Platform: Steam, Windows, iOS, Android
Reviewed on: Windows
Genre: Space trading sim
Players: Single player
Written by Whistler 12th August 2015
Ah the ways of the merchant, trading goods and living the high life.
Well besides all the raiders, pirates, smugglers and customs officers wanting to take off with your booty one way or the other. Trading simulator games are a strange oddity where they are oddly fascinating despite what seems like a rather mundane style of gameplay. While I only dabble in the genre I vividly remember playing Frontier in my browser and enjoyed the space sim X games before X Rebirth launched in a hideous state.

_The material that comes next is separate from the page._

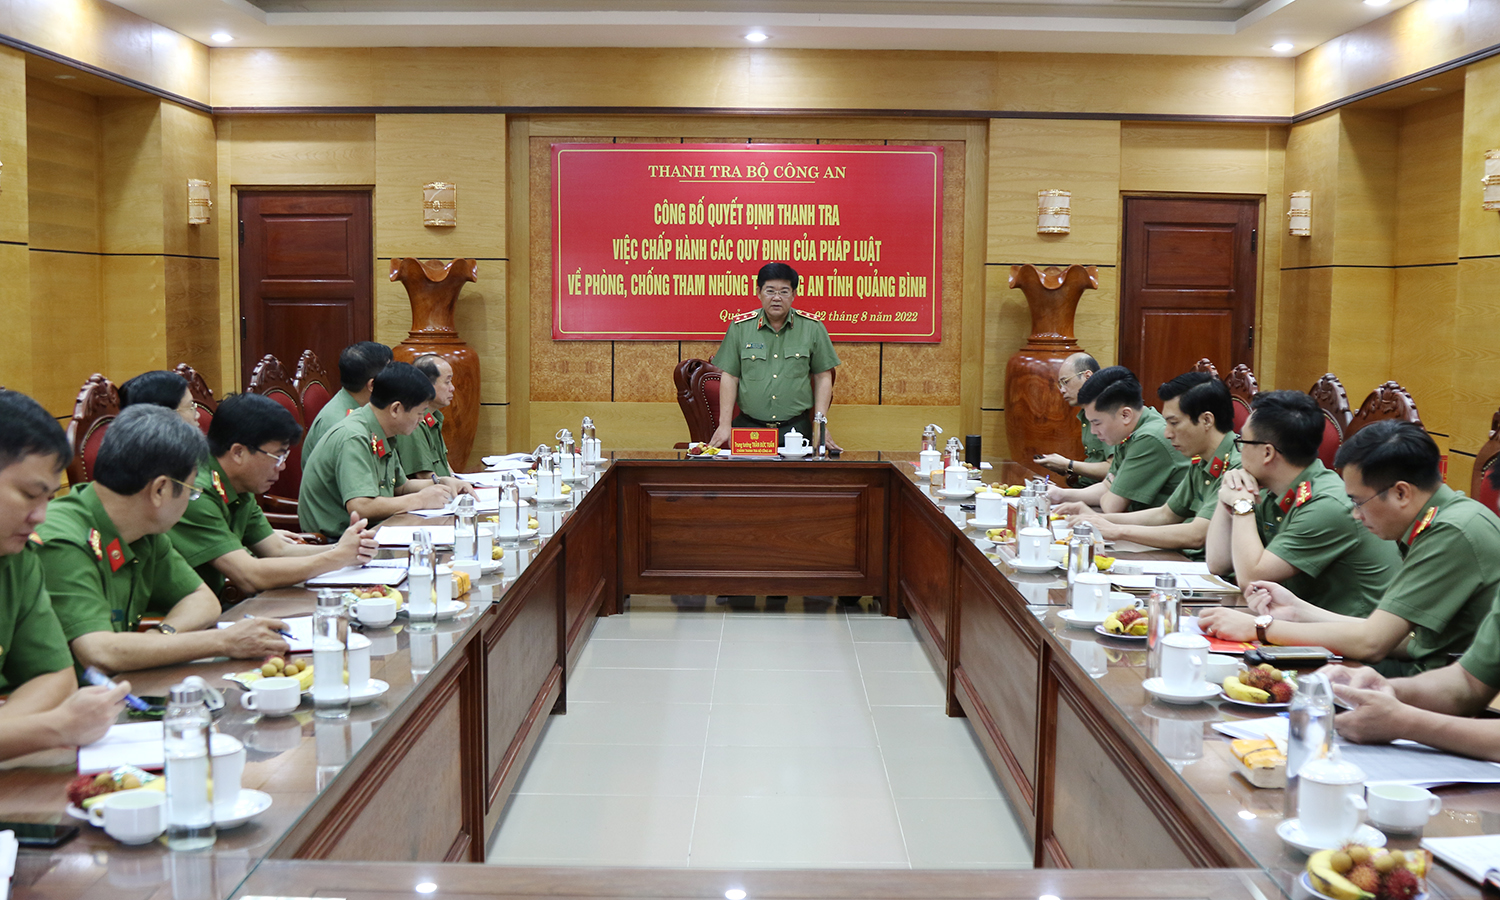 Trung tướng Trần Đức Tuấn, Chánh Thanh tra Bộ Công an phát biểu tại buổi lễ công bố quyết định thanh tra tại Công an tỉnh Quảng Bình.

Throwing their space hat into the ring are German indie studio Chasing Carrots with their space trading sim Cosmonautica. Players take on the role of a fresh captain who must make a living from nothing but some spare change and a rusty cruiser. As captain you must manage crew members, research tech, handle jobs and play the monopoly of space.
There is a story to be found in Cosmonautica’s campaign mode but it might as well not be there as it purely serves as a way to hand you specific missions. Instead the majority of driving force is derived from the player accepting various kinds of jobs at planetary stations ranging from typical rescue missions, cargo deliveries, taxi jobs and bounty hunts.
However to even think of taking on these missions you’ll need to a crew and a vessel capable of the tasks.
This is where the game can make or break new players, might have just been me but certain key points seem intentionally unclear. Recruiting can be somewhat daunting as it’s unclear at first what kind of crew members are essential for starting with and what won’t be needed till much later.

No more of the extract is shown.